Early settlers in Cleveland were dependent on surface-water supplies from ponds, lakes, rivers, and streams, and upon dug wells, the latter becoming more prevalent as population density increased in the early walking city. A town pump on PUBLIC SQUARE is reported to have been in operation in 1812. Ca. 1820 a well existed at Bank (W. 6th) and Superior designated mainly for firefighting. At the same time, “every family had a well; however, Benhu Johnson hauled lake water when droughts set in . . . [for] twenty-five cents for two barrels.” In Jan. 1833 the privately owned Cleveland Water Co. was chartered to supply water for the village, but the city council continued its involvement, allocating $35 in 1840 to sink public wells at PUBLIC SQUARE. By 1852 water was being drawn from springs, wells, canals, and the CUYAHOGA RIVER, with storage cistern-based pumps utilized in the business district for firefighting and public use. A dependable public water system to provide fresh water, together with a sewage system to dispose of the used water, was needed. Both were capital-intensive municipal functions that reflected a growing concern for local public health and the needs of Cleveland’s growing businesses. The city was prosperous enough to acquire the needed financing for a municipal waterworks, and a popular vote (1,230 to 599) in 1853 authorized the city to issue $400,000 in bonds to build it. Water was first brought from Lake Erie in Sept. 1856, via a 50″ boilerplate pipe tunnel extending 300′ into the lake, reaching shore at about W. 58th St. At the same time, the KENTUCKY ST. RESERVOIR at Kentucky (W. 38th) and Prospect (later Franklin) streets was opened to store water pumped by 2 Cornish steam engines, the first west of the Alleghenies. Two distribution mains totaling 44 mi. were established, along with a water fountain on Public Square. By 1864 most of the 75 cisterns placed around the city for firefighting had been supplanted by piped water. Cleveland now had the ability to provide fire protection for the city and make a constant volume of fresh water readily available for residential and business needs. In 1856, the waterworks’ first year of full operation, 127 million gallons of water (38,000 gallons per day) were distributed (in 1900, distribution was about 20 billion gallons–about 5.5 million gallons per day; in 1970, about 129 billion gallons–about 35.3 million gallons per day).

With the advent of piped water, traditional privies, storage cisterns, and other means for disposing of sewage rapidly became inadequate.

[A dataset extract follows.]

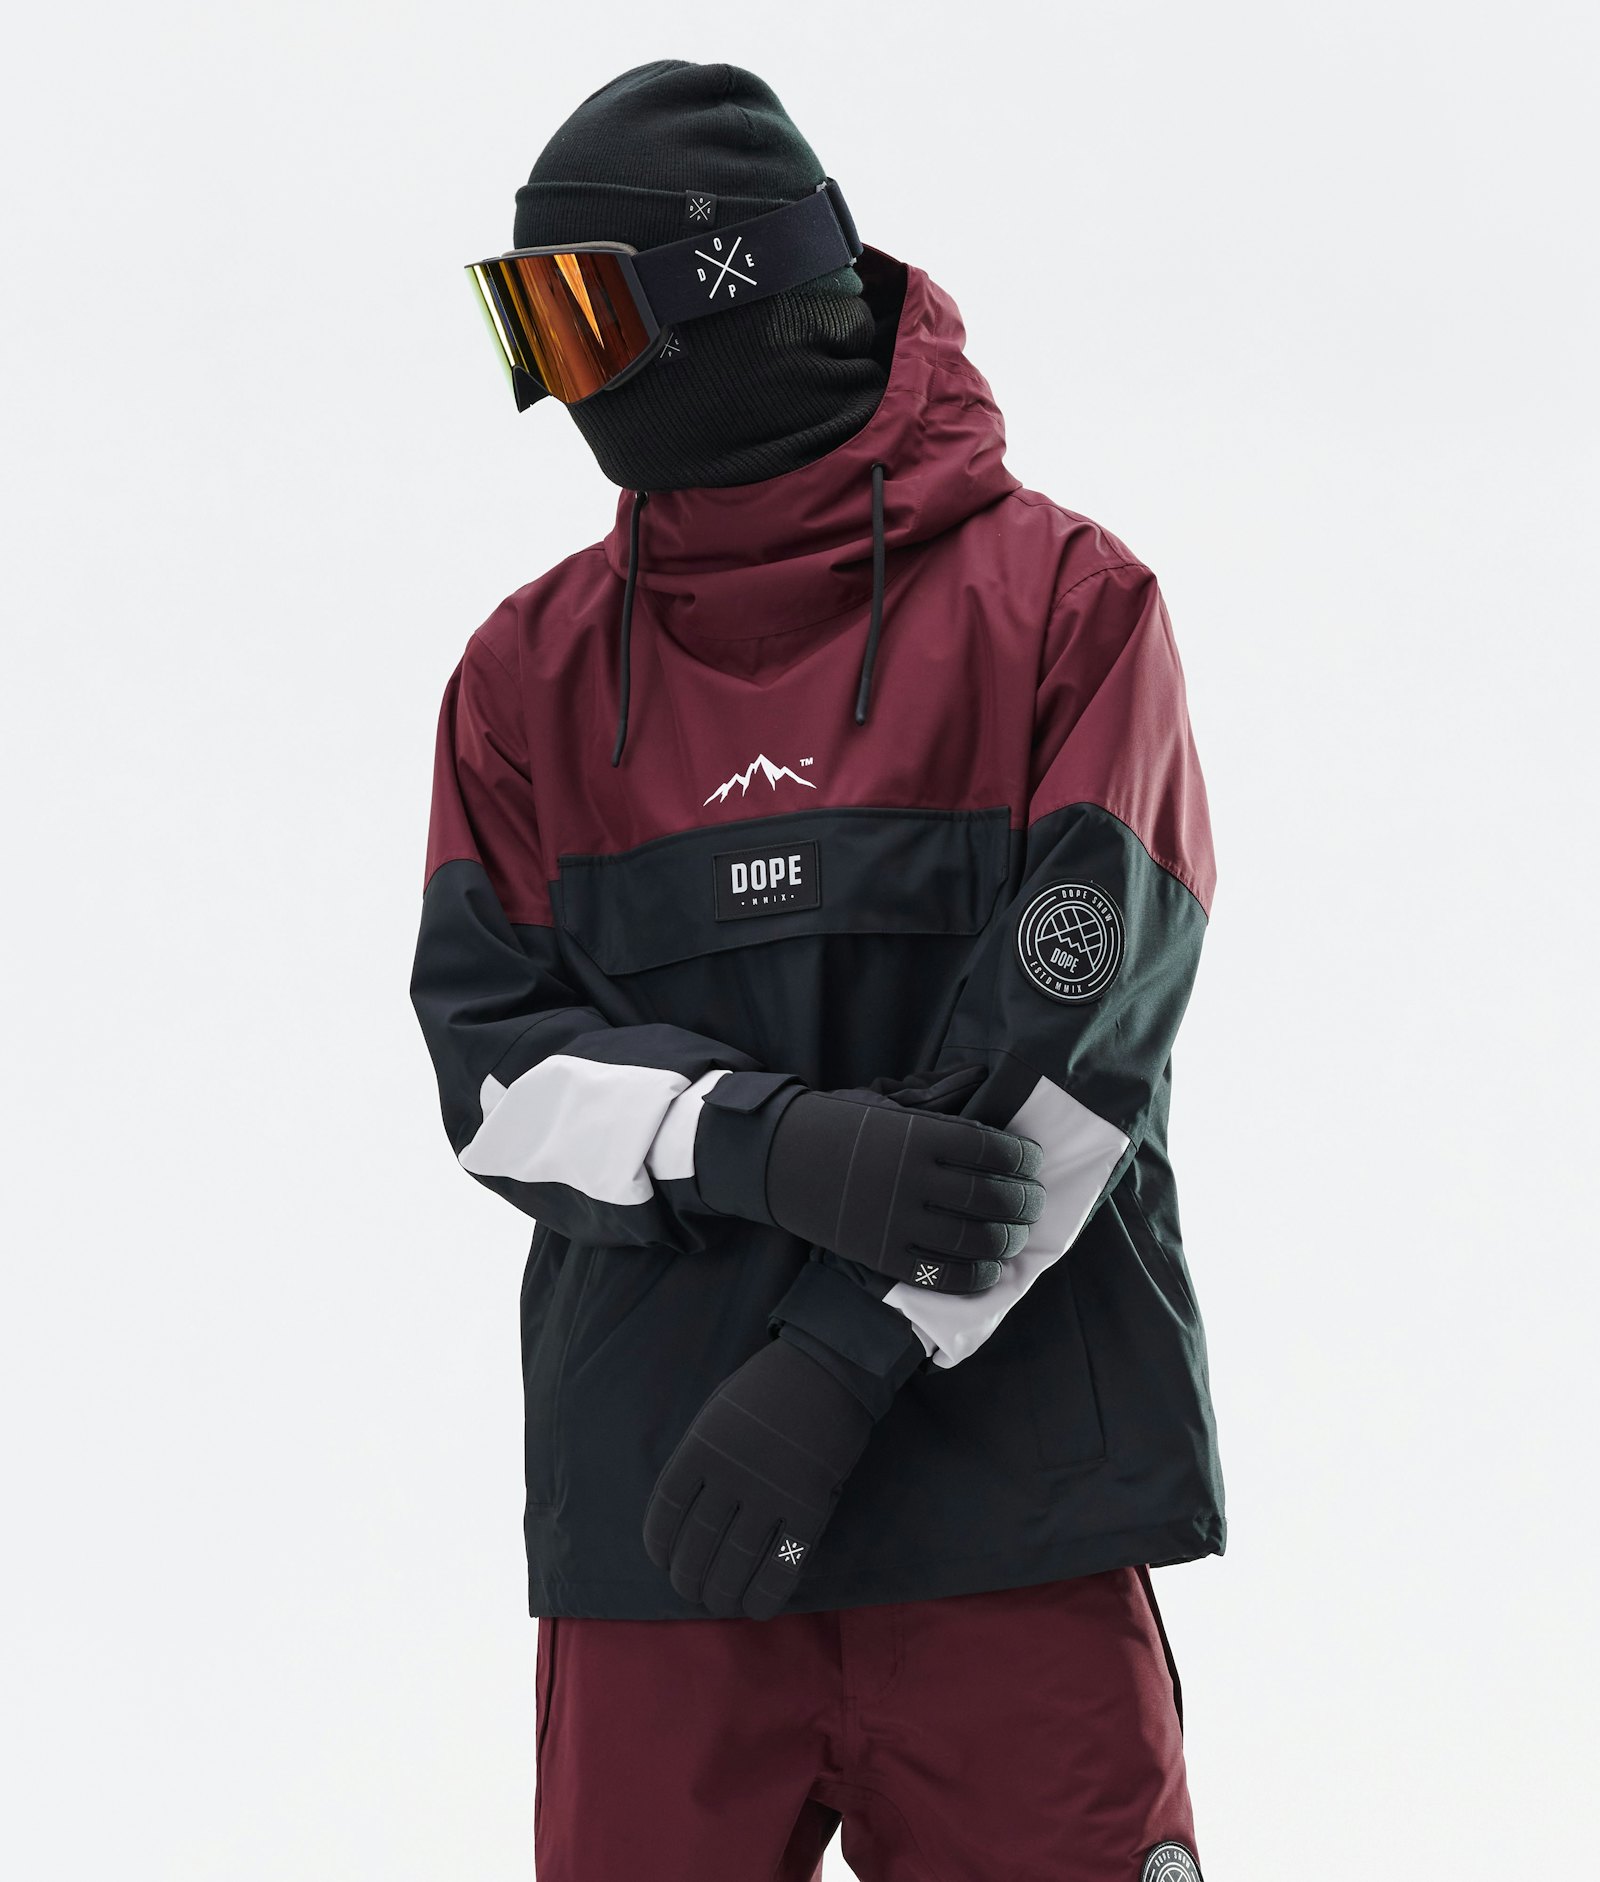 Dope Blizzard 2020 Snowboard Jacket Men Limited Edition Burgundy Multicolour, Image 1 of 8

The first sewer in Cleveland is reported to have been built for surface drainage of Euclid St. in 1856. Two years later a rudimentary sewage system consisting of open drains conveying the wastewater downhill toward the Cuyahoga River and Lake Erie was begun. To gain access to fresh water beyond Lake Erie’s polluted shoreline, a new water-intake crib and tunnel were built some 6,600′ offshore in 1874. However, in 1881 city health officials protested that some 25 sewers, factories, oil refineries, and other industries were polluting the Cuyahoga River and Lake Erie, source of the city’s drinking water. By that time, 125 mi. of water mains had been completed in Cleveland, and the system’s capacity was about 10 million gallons per day, serving about a third of Cleveland citizens. In the 1880s the original Kentucky St. Reservoir had already become inadequate, requiring the building of the Fairmount and Kinsman reservoirs to service the growing population moving toward the heights east of downtown Cleveland.

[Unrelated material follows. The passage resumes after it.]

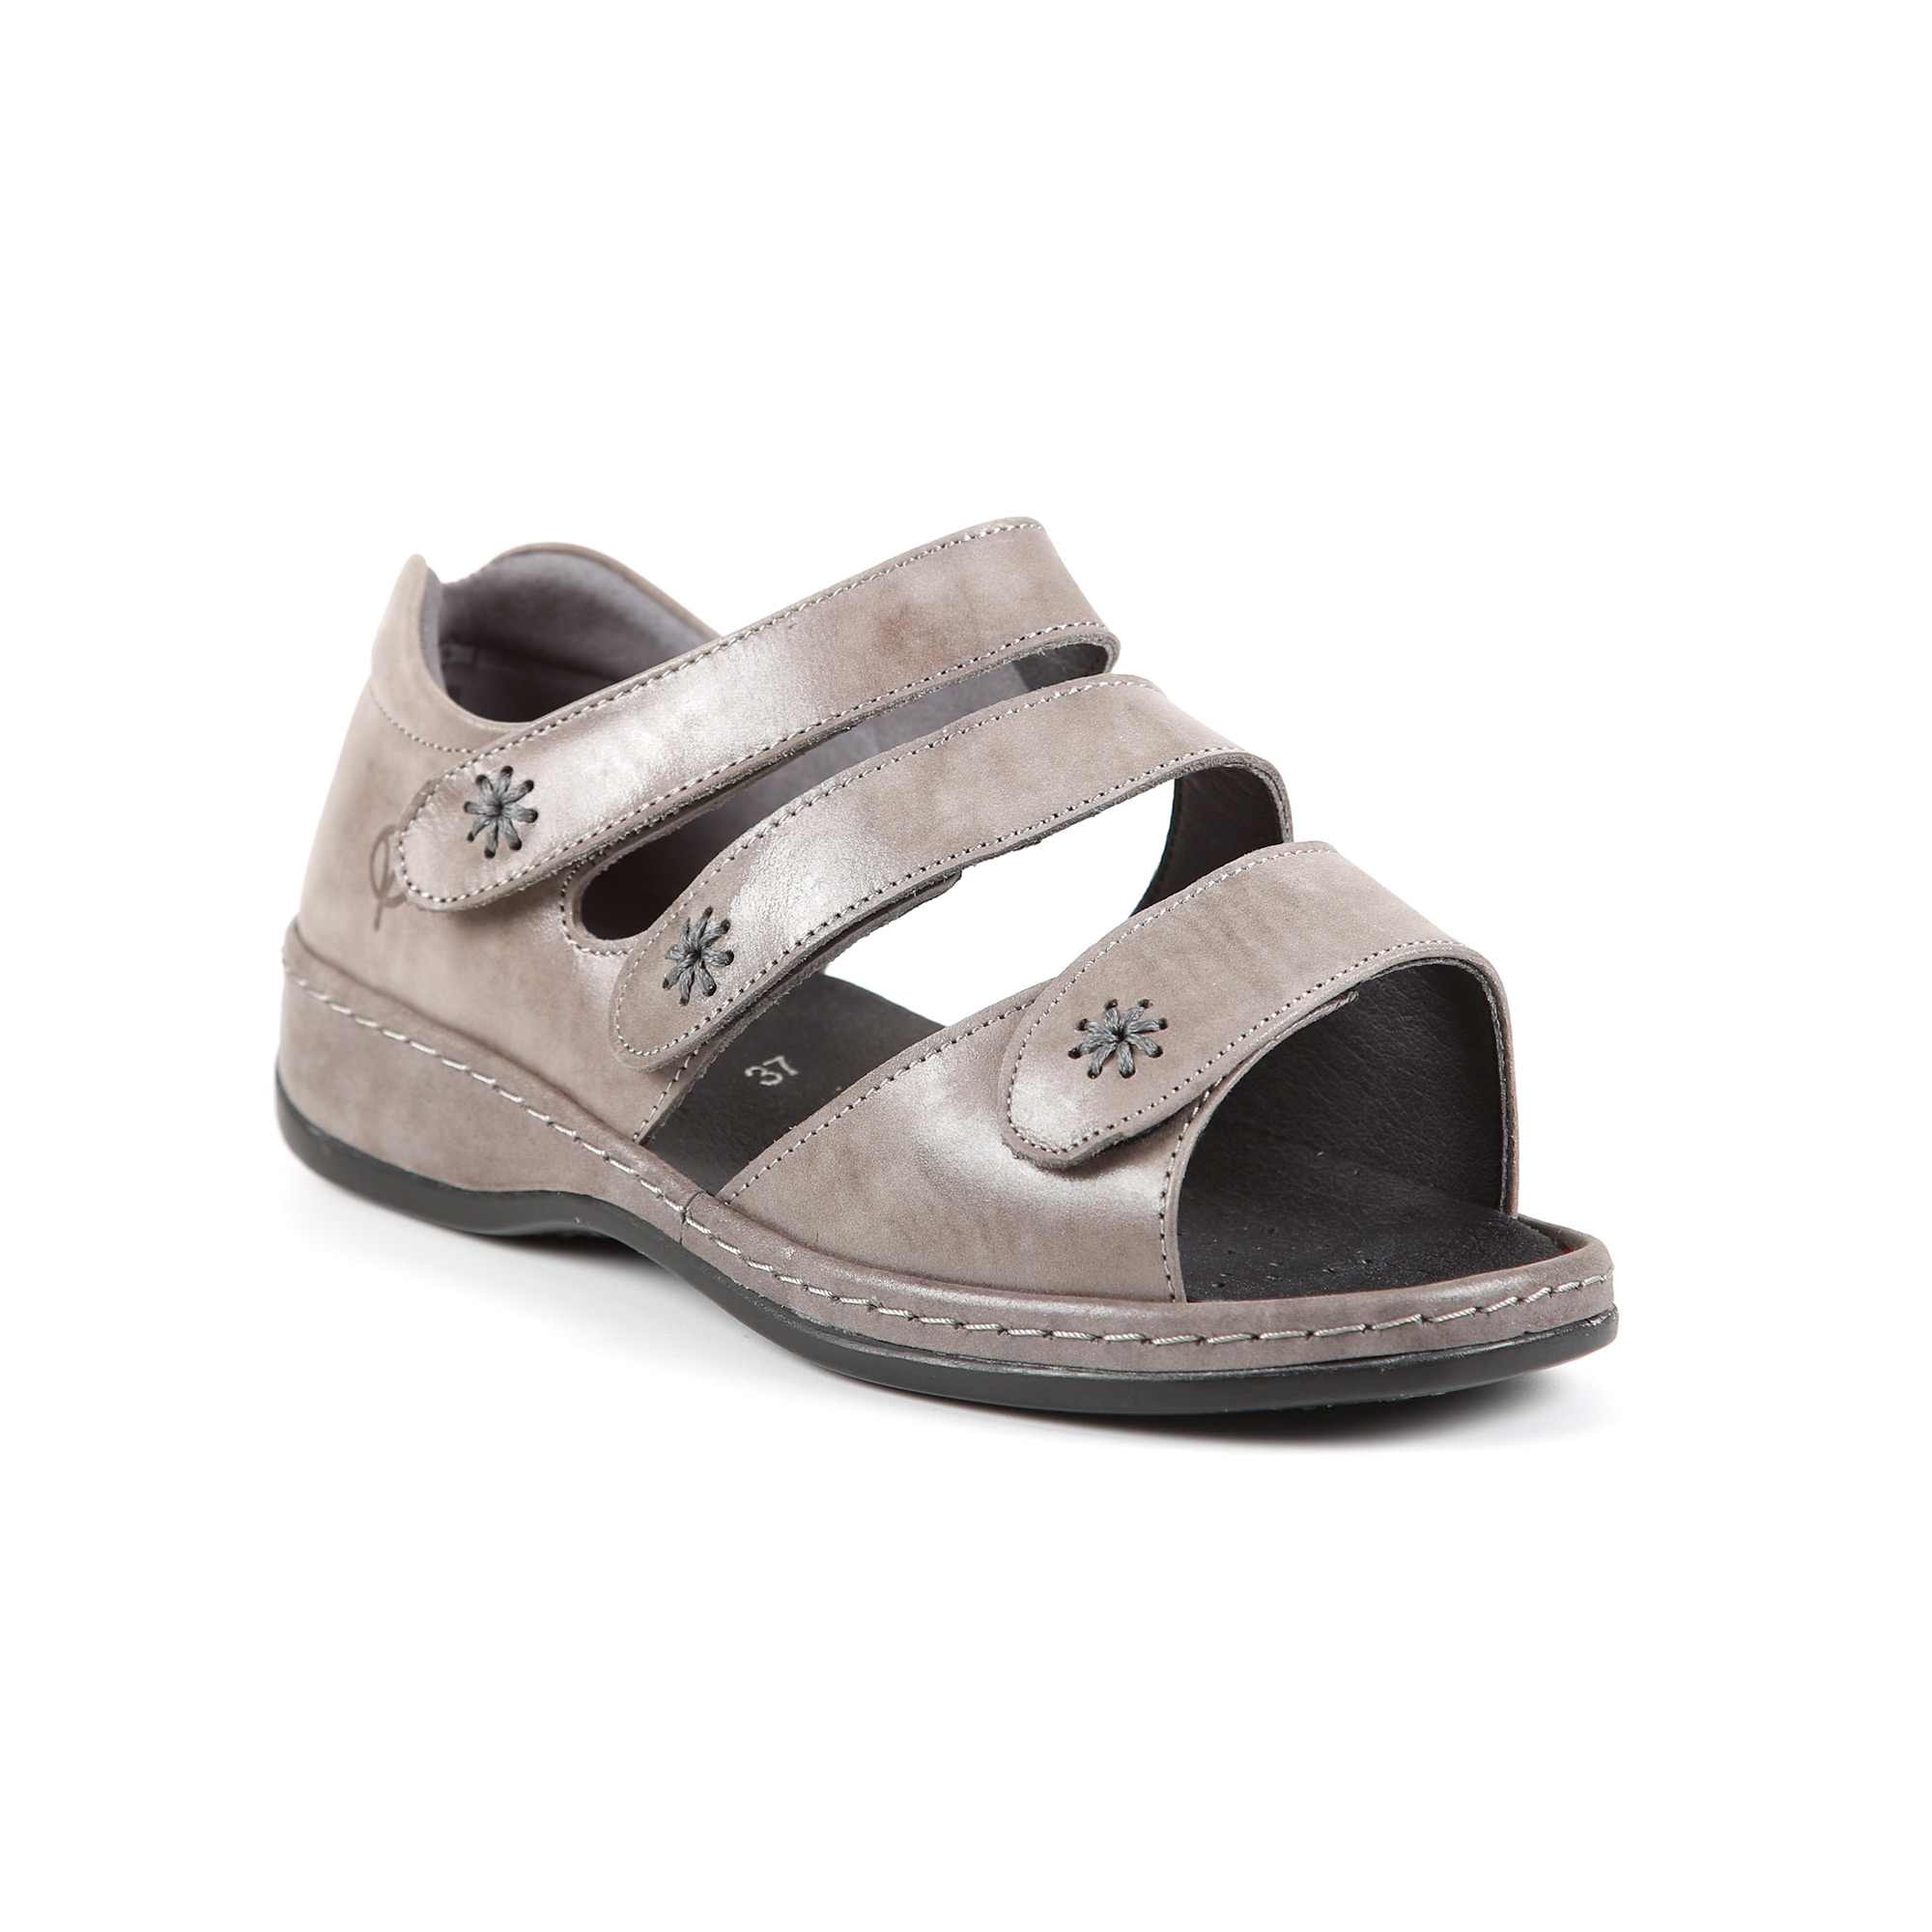 Cara Ladies Ultra Wide Sandal - Mobility House

To mitigate the growing pollution, the water system extended intakes farther and farther out into Lake Erie, and early in the 20th century finally provided treatment of the raw water. In 1890 a new 7′ diameter, 9,117′ long water inlet tunnel was completed. Yet another 9′ diameter intake tunnel was begun in 1896, extending 26,000′ into the lake, one of the longest in the world at that time; it was completed in 1904 after a considerable loss of life during its construction (see WATERWORKS TUNNEL DISASTERS). The intake structure for this tunnel, which at a distance resembled a freighter, was known as the “5 Mile Crib,” the distance from the actual lake intake to the Kirtland pumping station, built in 1904 at Kirtland St. (E. 49th St.). Seven years later, in 1911, Cleveland introduced water chlorination to reduce the instance of water-borne bacteria, on the recommendation of Drs. Howard Haskins and ROGER G. PERKINS†. Still unfiltered, the water was found unpalatable; in 1915 it was reported that on at least one occasion, thousands of people patronized springs in places such as WADE PARK and ROCKEFELLER PARK, requiring police to keep order. About 1916, the original 6,600′ intake tunnel west of the “5 Mile Crib” was extended about 26,000′ from shore to feed water to the Division Ave. filtration plant, which became operative in 1918. By 1920 the system of water mains had grown to 985 total miles, and it continued to grow in response to Cleveland’s expanded water needs. The Baldwin Filtration Plant on the border of CLEVELAND HEIGHTS was completed in 1925, with a reservoir capacity of more than 135 million gallons, capable of pumping up to 200 million gallons per day (see BALDWIN RESERVOIR). In addition, expansion and alterations begun much earlier on the Kirtland station were completed in 1927, giving Cleveland wholly filtered and chlorinated water.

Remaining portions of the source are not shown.